Apparently in Italy, women only take their husband's name superficially: there is no official name change and they are known throughout their lives under their original family name. The feminist in me derides this as an obvious attempt by a patriarchical society to deprive women of the right of jointly owned property. The realist in me knows now that no woman in Italy would waste years of her life standing in line to get documents changed.
The police man, yes, just a simple copper, said that the Italian Embassy didn't certify that I, Rachel Married Name, had given birth to two of my children, whose birth certificates have listed, Rachel Maiden Name. I could be attempting to kidnap two of my children. How, when their father was present at the Questura and also named on the birth certificates, I could kidnap someone else's children and try to smuggle them into a foreign country and pose them as mine, I don't know.

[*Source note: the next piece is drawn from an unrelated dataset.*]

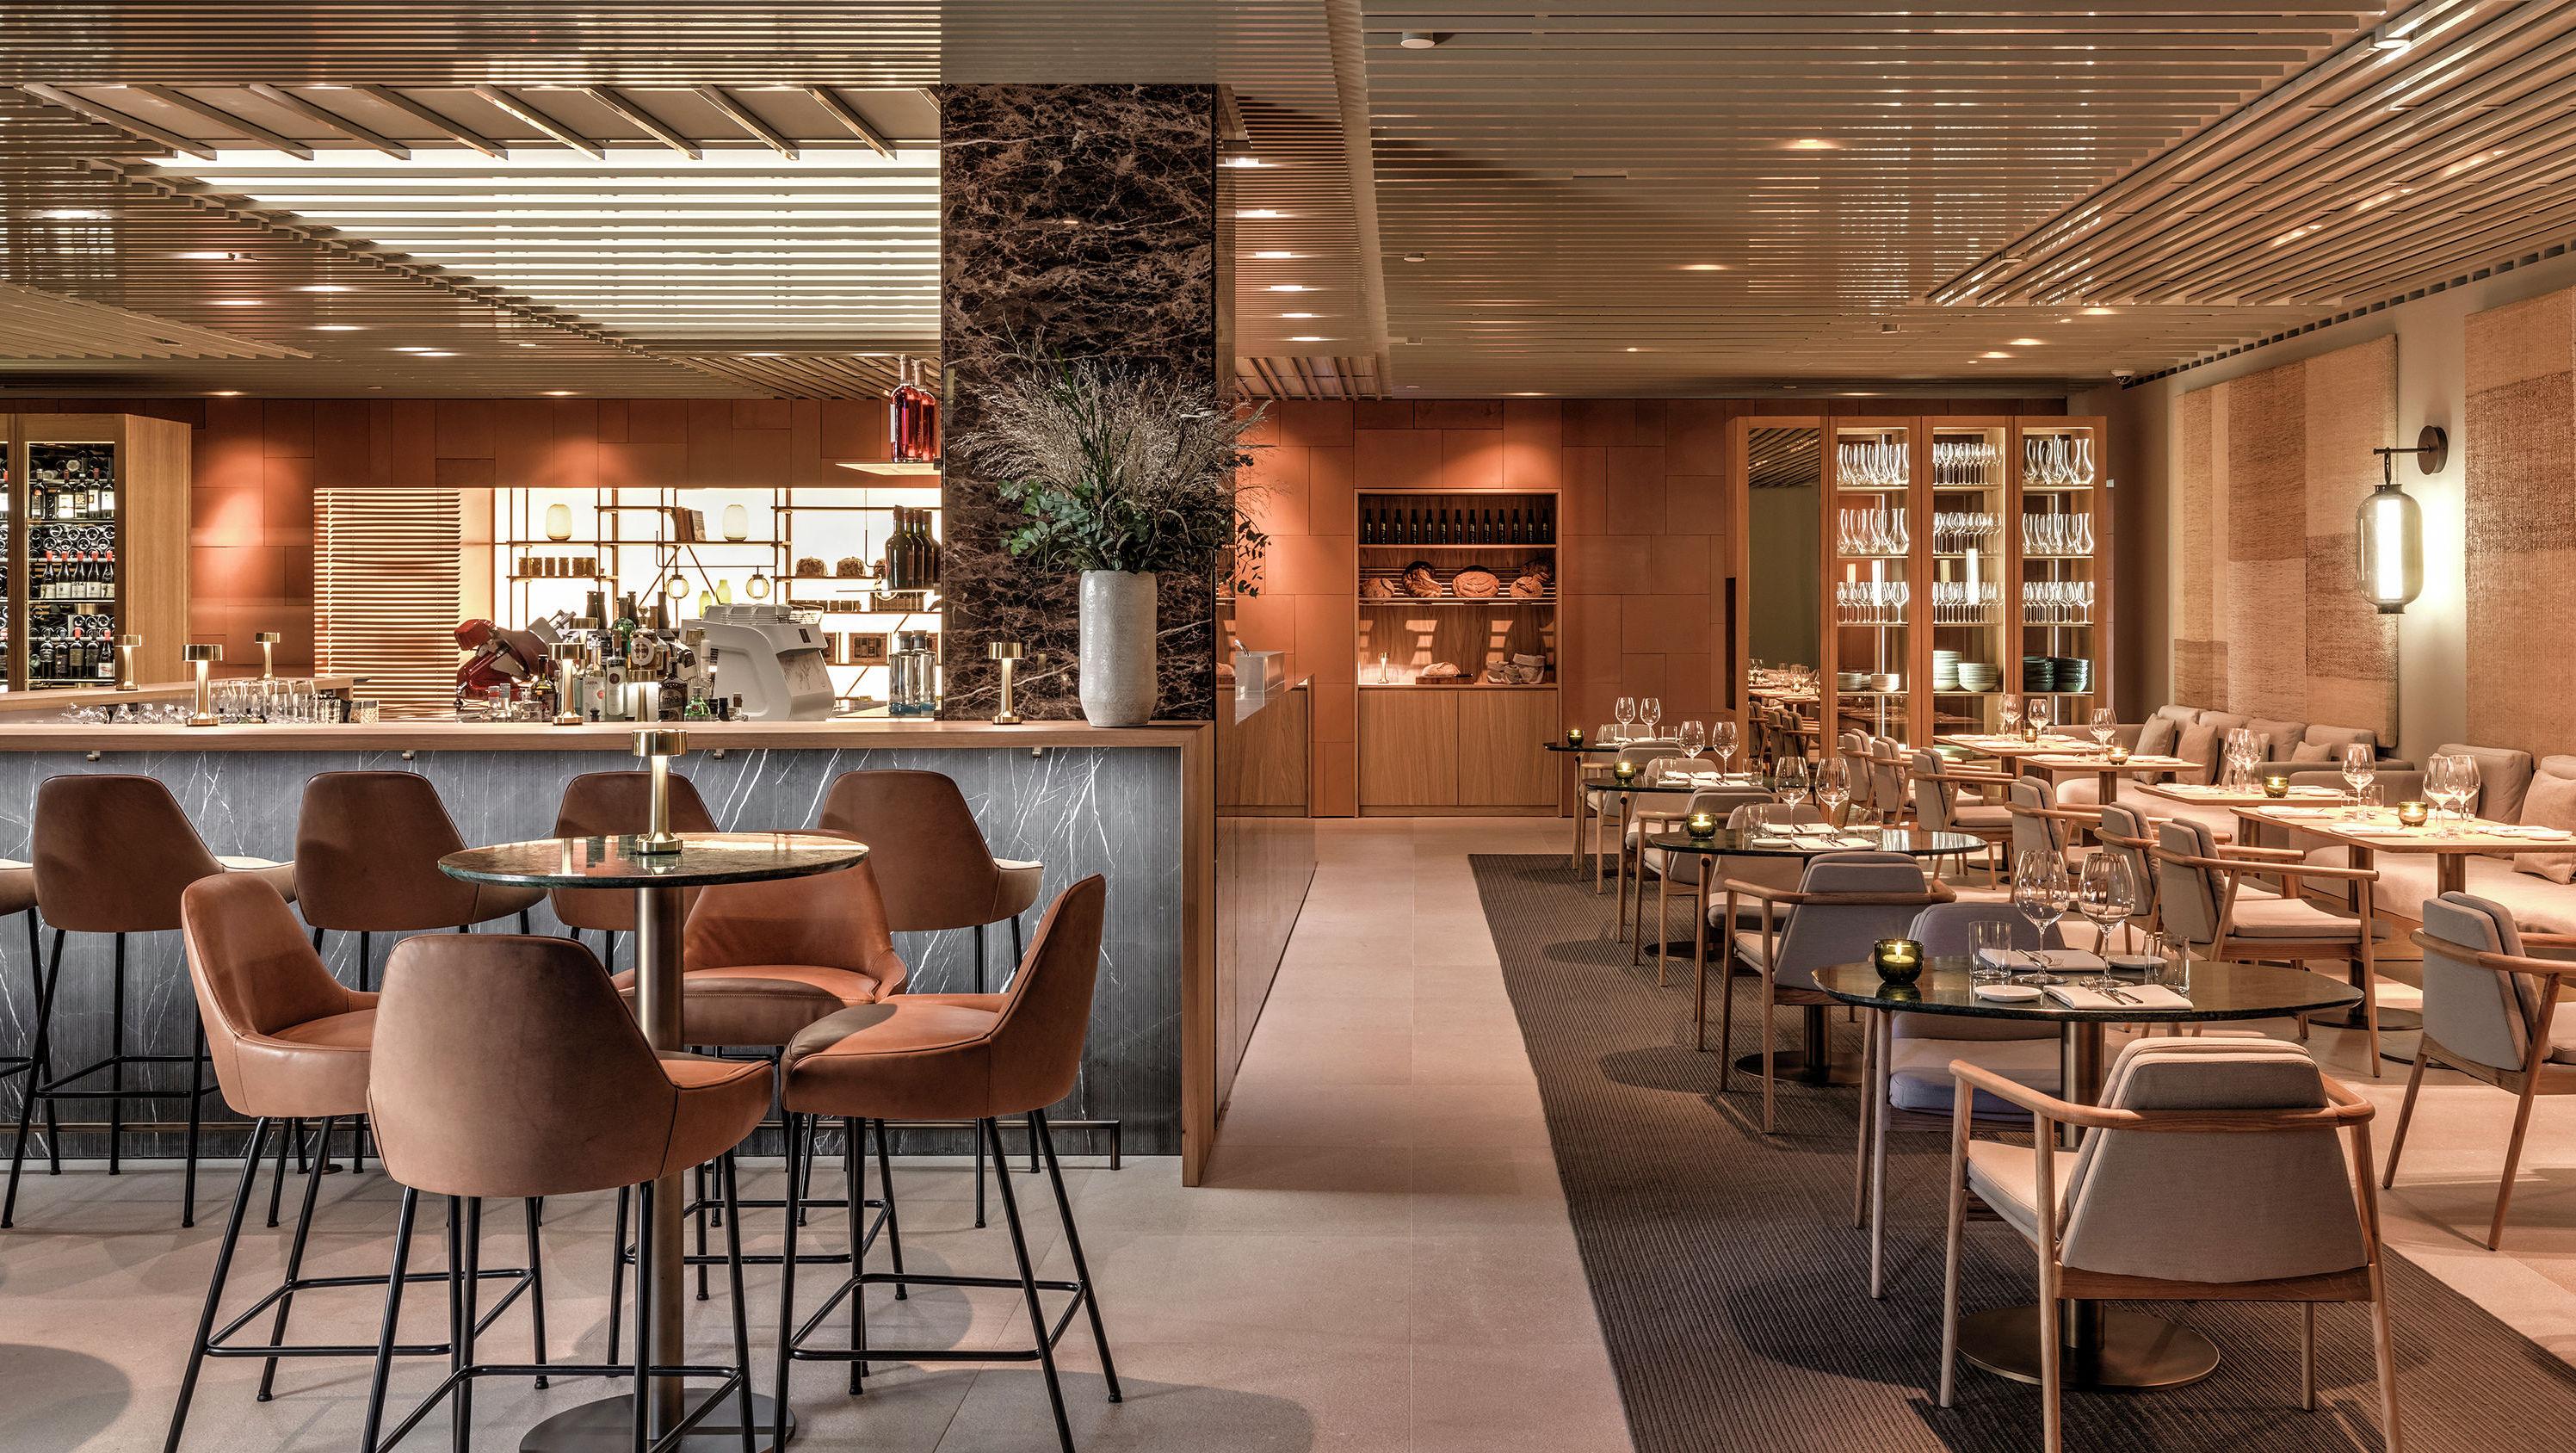 Сицилийский ресторан Pastamara - новый гастрономический центр притяжения для венцев и гостей столицы

I suspect that there are only three people working at the Questura, and this entire show was a perverse exercise in job security: if you repeatedly send people away who HAVE to come back to you or face deportation, they will come back over and again and you will never lose your job, regardless of how stupid you are.
And in fact, I am now off to the US Embassy, not because I desperately needed a stroll down Via Veneto, but because I need the United States government to certify that Rachel Maiden Name is the same person as Rachel Married Name; and I am the mother of two of my children; and just because some state government listed my middle name as an intial instead of in its entirety on my third child's birth certificate, that does not mean there is a third person with the same birthdate and similar name married to the same man in one house.
Are you confused? I am.
As for the deportation bit, when we came house-hunting over Thanksgiving, we were never told that the kids and I, holding US passports, couldn't return to Italy within the next 90 days. Since we returned to Italy on December 24, we are in violation of Italian immigration policy. However, since the immigration people didn't stamp my passport upon entry in December, I am probably safe, as we are outside the 90 day window from the stamped November exit date. According to Italy, I am not even in the country!
But I had better not leave the country for Spring Break until they get my Visa sorted out.